In the meantime, the best option would be to write your own instrumentation:

  1. Follow Otel messaging semantic conventions to create spans with specific attributes.
  2. Propagate context using Message.ApplicationProperties. Here's an example of how it's done in HTTP instrumentation.
  3. If you have ServiceBus producer and consumer both written in Go and you're going to instrument them both, you can use W3C Trace-Context propagator from OTel.
    • If you have one of them written in another language (.NET, Java, Python, JS) where you leverage existing SDK instrumentation, you'd have to implement your own propagator for Diagnostic-Id. You can use W3C Trace-Context as a starting point and rename traceparent to Diagnostic-Id, tracestate is not supported, s you can remove any mentions of it.
richardpark-msft commented 1 year ago

Reviving the work here now that we have a tracing implementation in azcore in beta. Can't ship with it in that state quite yet, but I'll start prototyping so we make sure everything we need is in there.

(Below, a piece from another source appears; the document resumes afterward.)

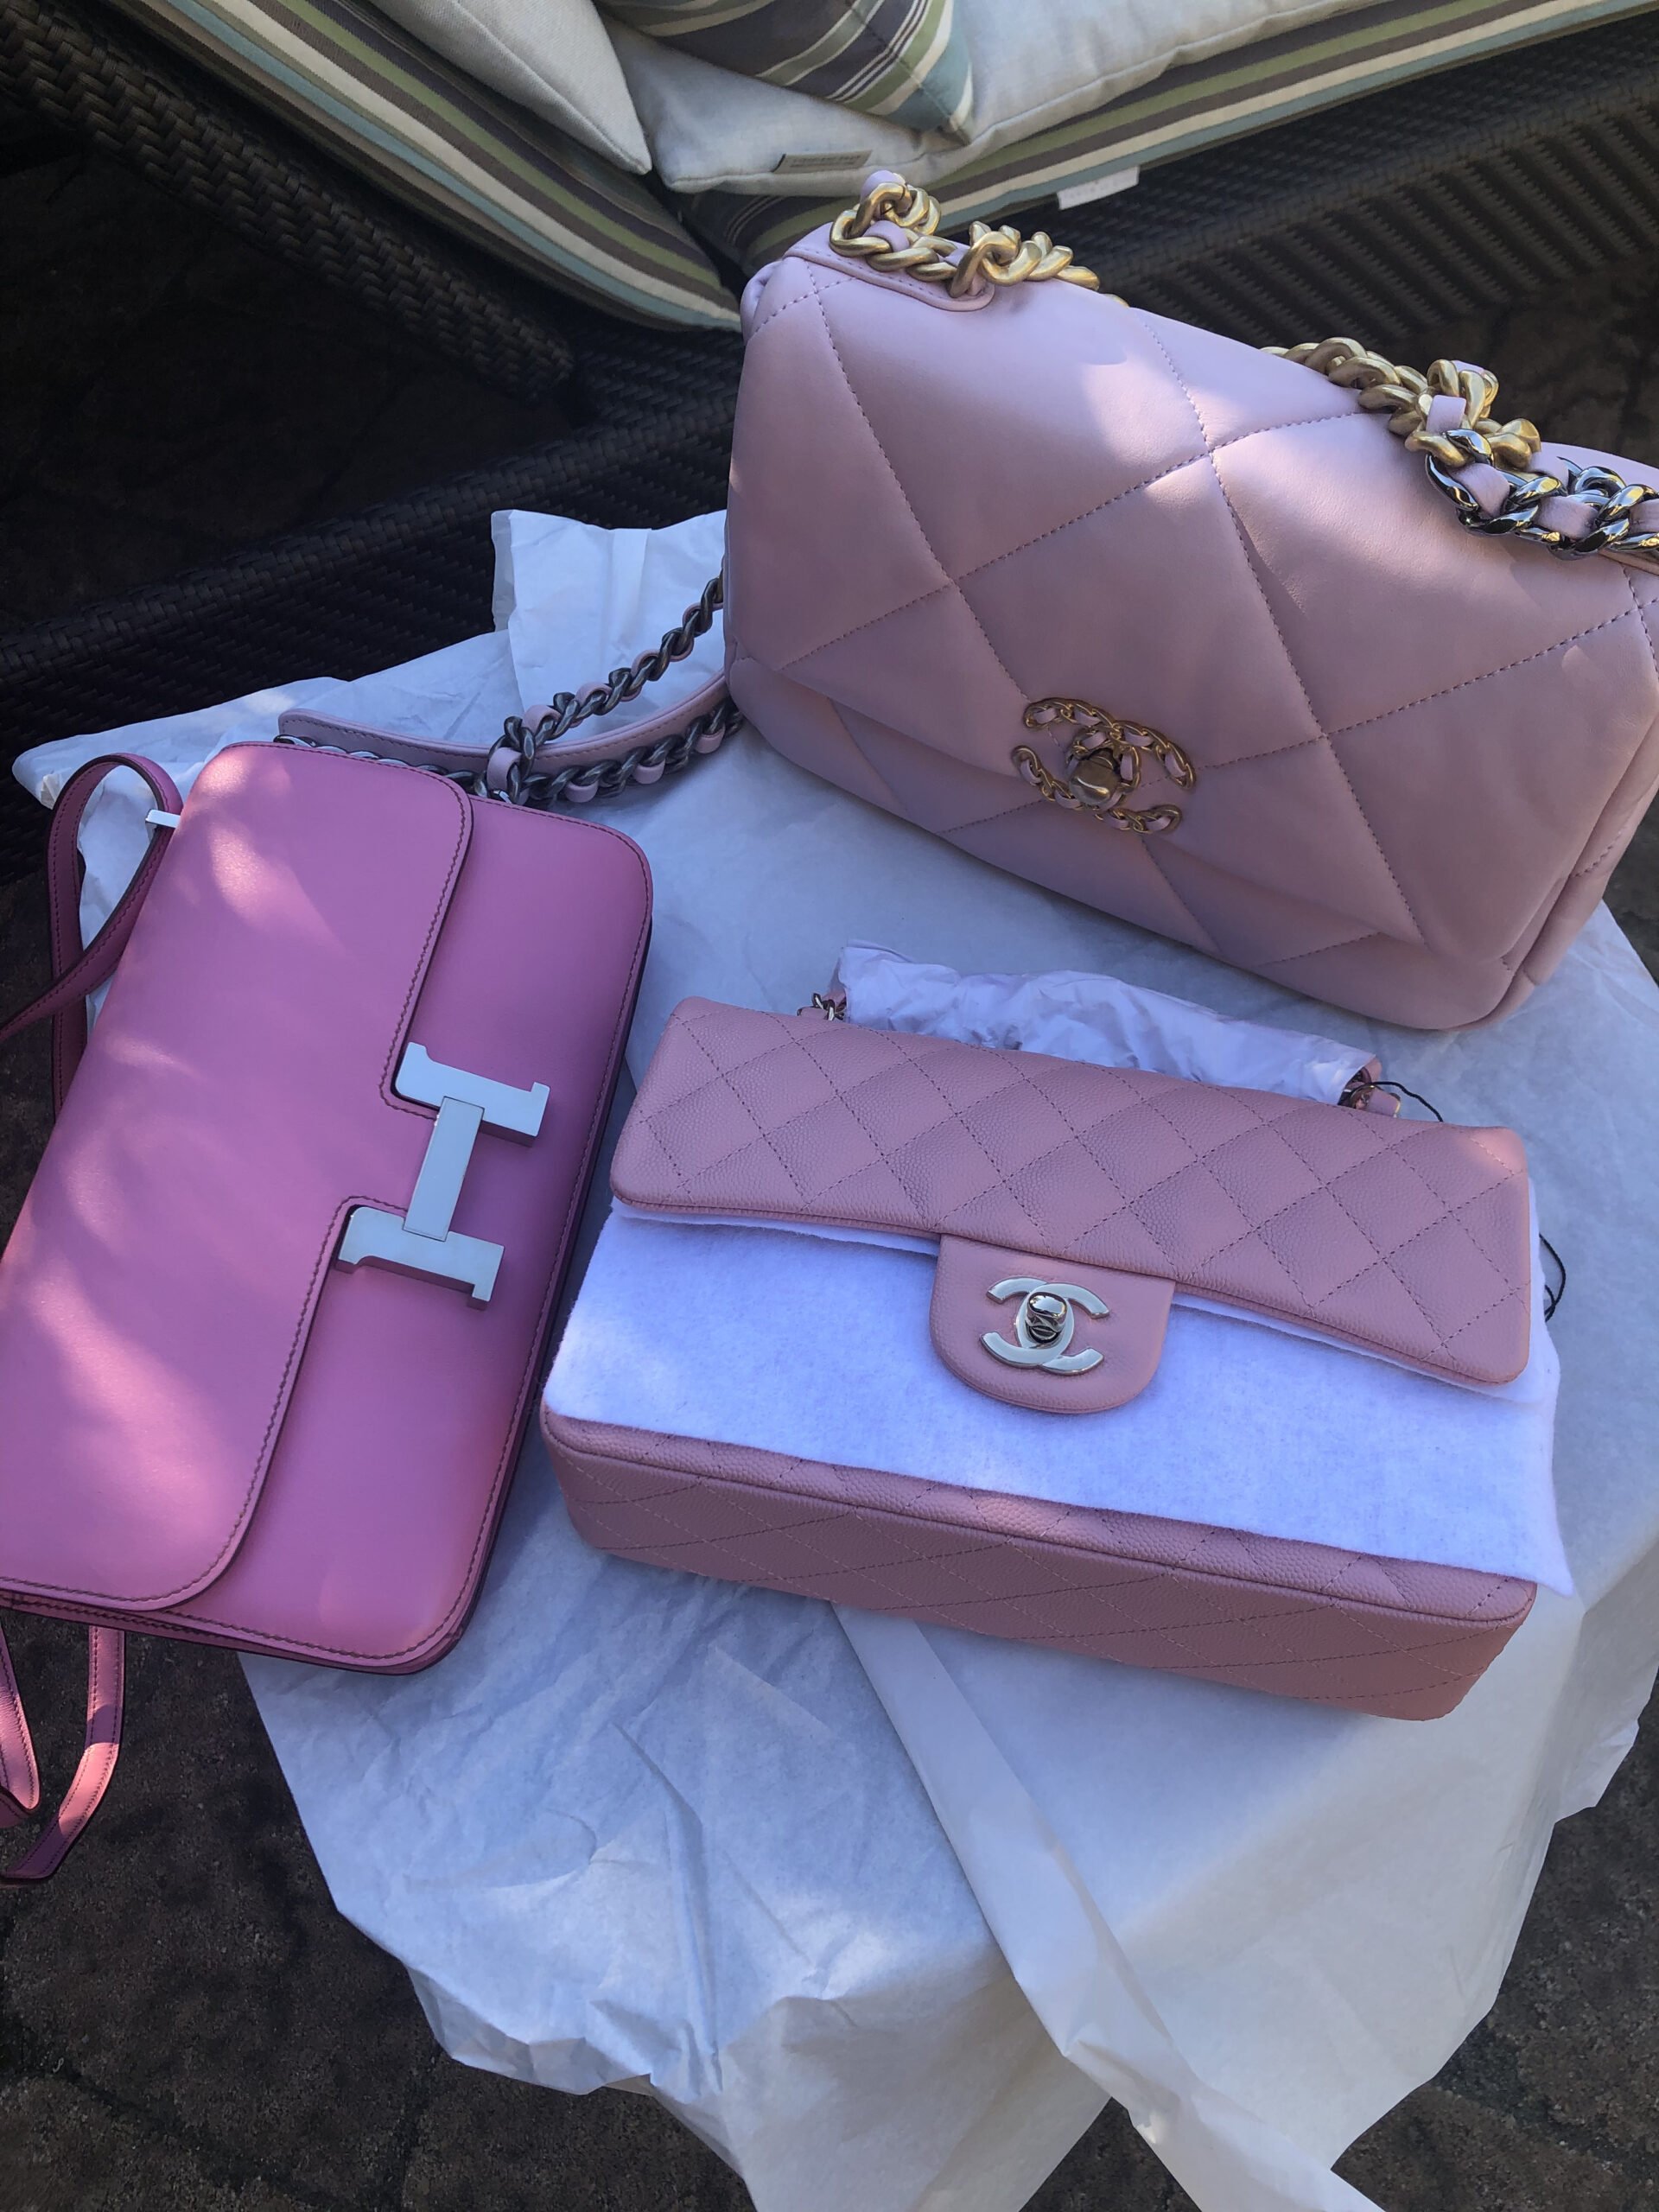 The Best Pink Chanel Bag? Comparison between the 22c Pink and

This is the current spec for spans: https://gist.github.com/lmolkova/e4215c0f44a49ef824983382762e6b92

richardpark-msft commented 1 year ago

Some questions we want to make sure we can answer from this:

github-actions[bot] commented 8 months ago

Hi @richardpark-msft, we deeply appreciate your input into this project. Regrettably, this issue has remained inactive for over 2 years, leading us to the decision to close it. We've implemented this policy to maintain the relevance of our issue queue and facilitate easier navigation for new contributors. If you still believe this topic requires attention, please feel free to create a new issue, referencing this one. Thank you for your understanding and ongoing support.